EXERCISE DATA >>
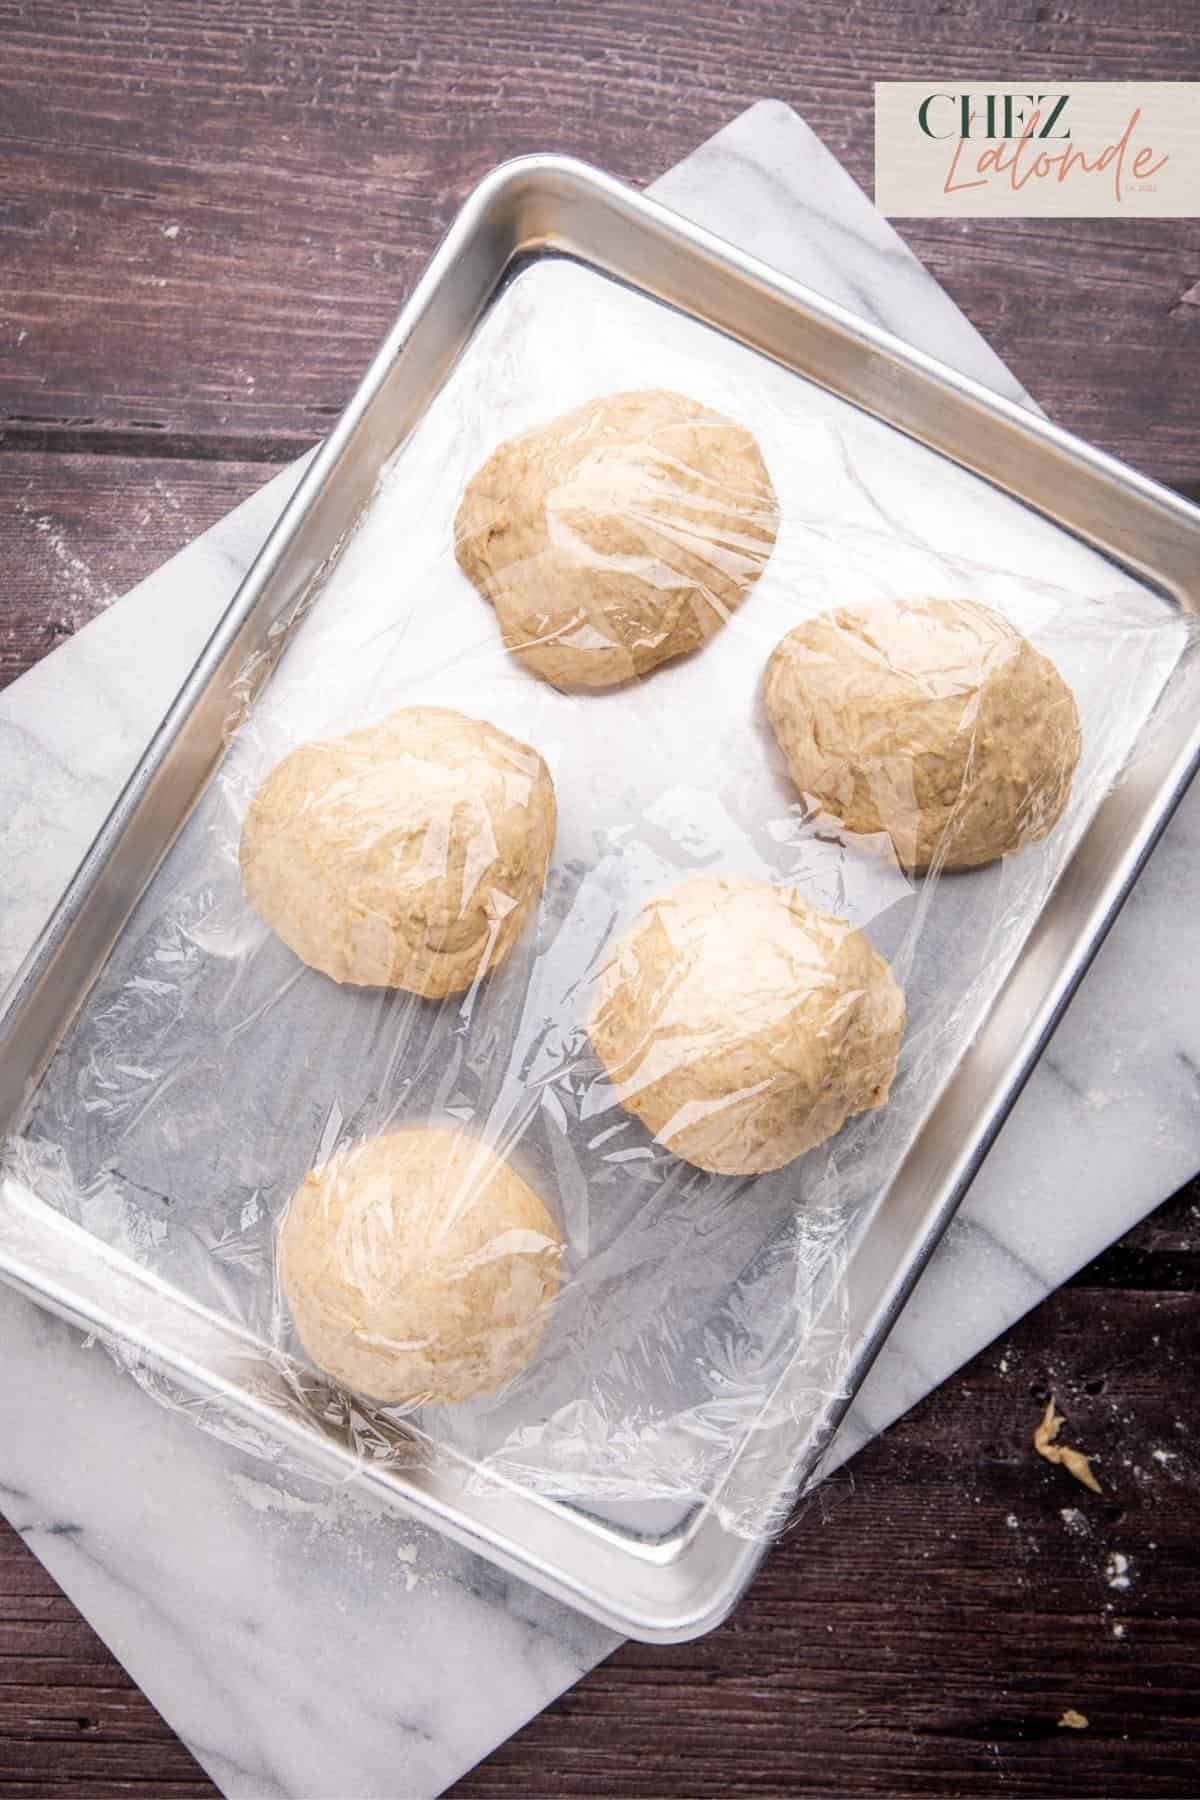 Place the dough balls on a baking sheet, cover them with plastic wrap, and return the tray to a warm spot for another 15 to 20 minutes of proofing.
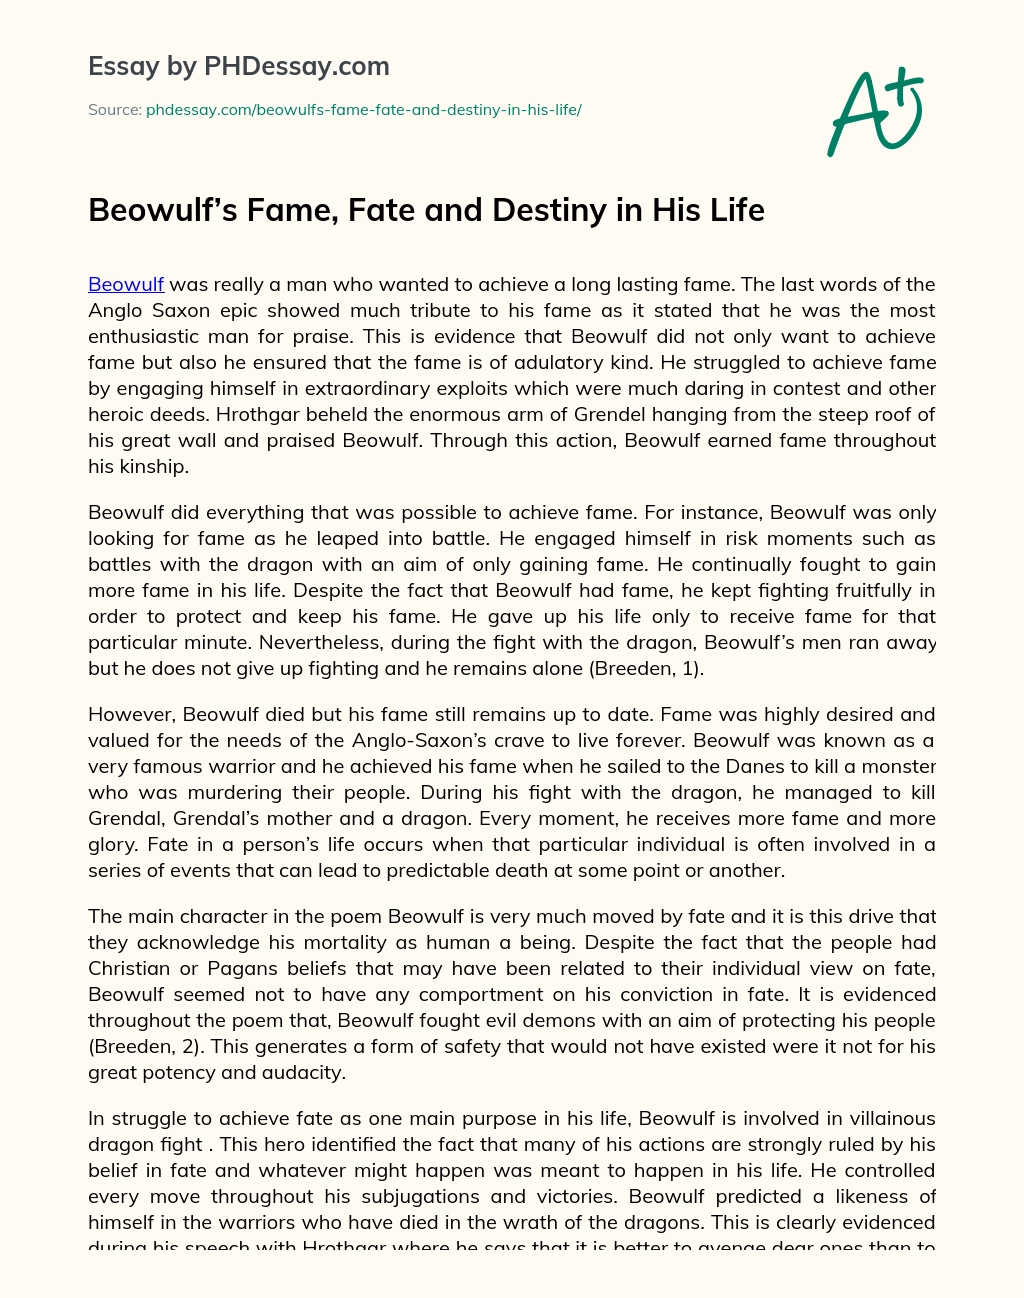 Beowulf’s Fame, Fate and Destiny in His Life essay
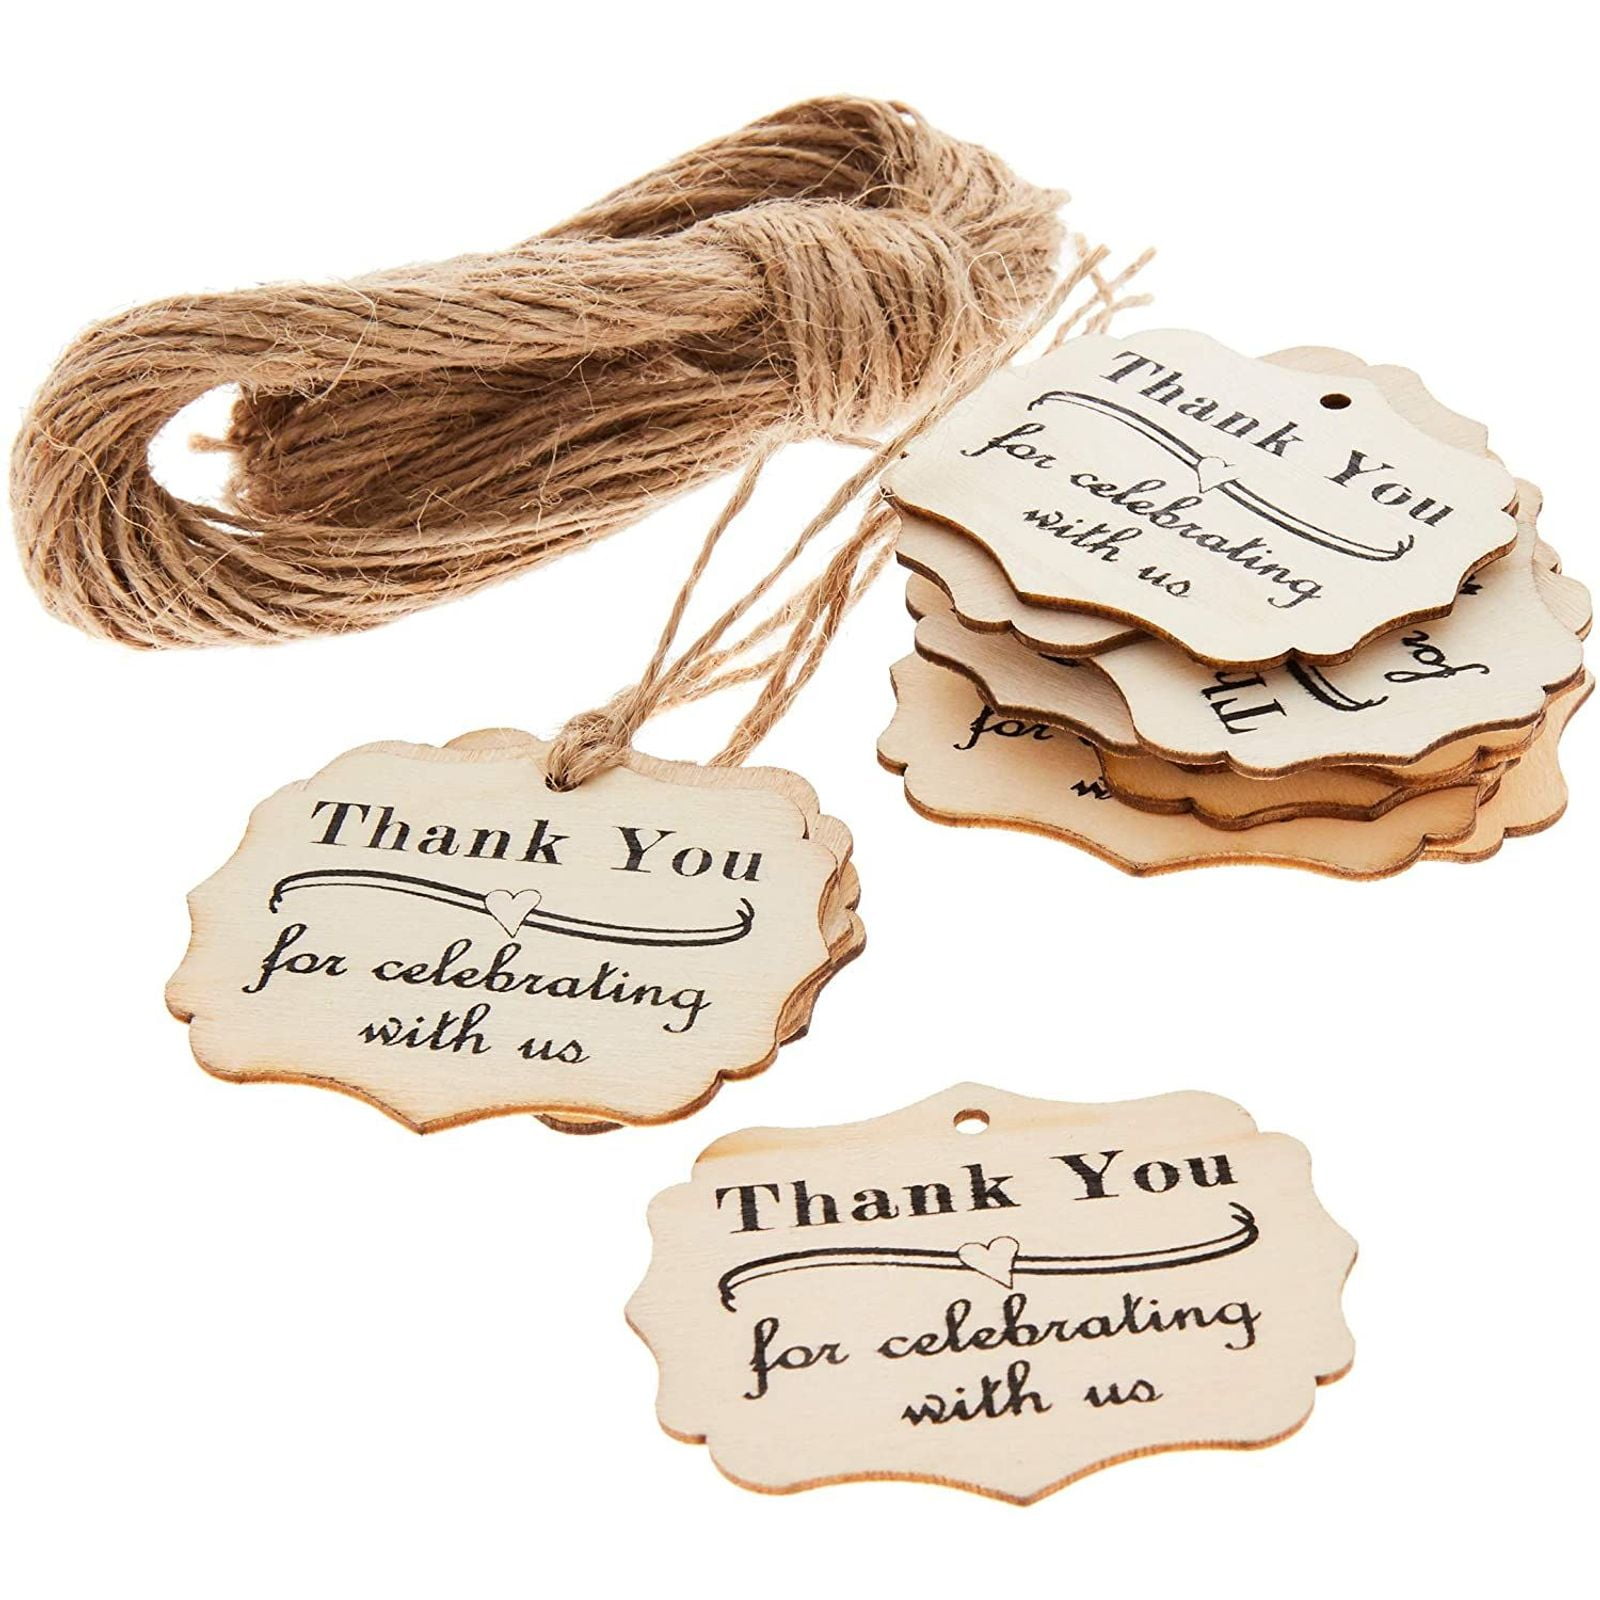 100 PCS Thank You Paper Tags Craft Gift Hang Wedding Party Deco Favors For Guest 
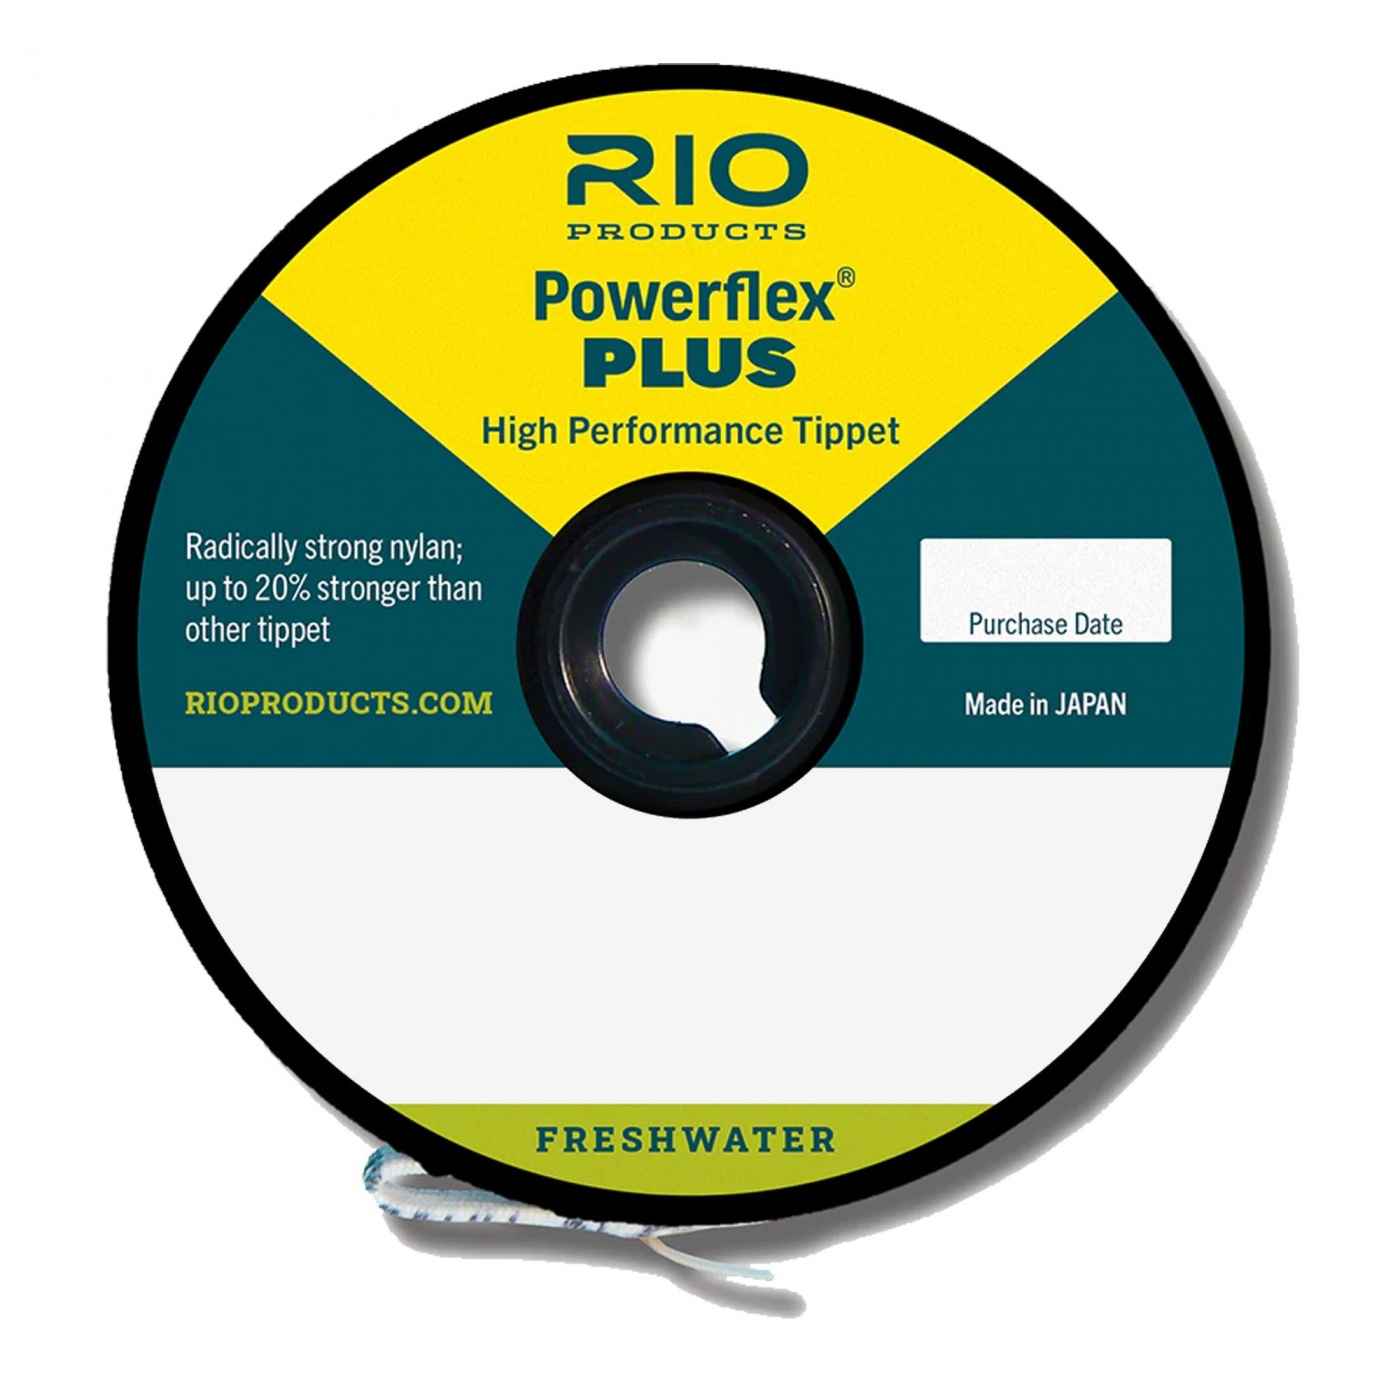 Rio Products Powerflex Plus Tippet 7X 2.75lb / 1.3kg For Trout & Grayling Fly Fishing

WHAT IS NEEDED >>
What is needed here is each line above set down word for word, minus the images.

ANSWER TO THE EXERCISE >>
 Place the dough balls on a baking sheet, cover them with plastic wrap, and return the tray to a warm spot for another 15 to 20 minutes of proofing.
 Beowulf’s Fame, Fate and Destiny in His Life essay
 100 PCS Thank You Paper Tags Craft Gift Hang Wedding Party Deco Favors For Guest 
 Rio Products Powerflex Plus Tippet 7X 2.75lb / 1.3kg For Trout & Grayling Fly Fishing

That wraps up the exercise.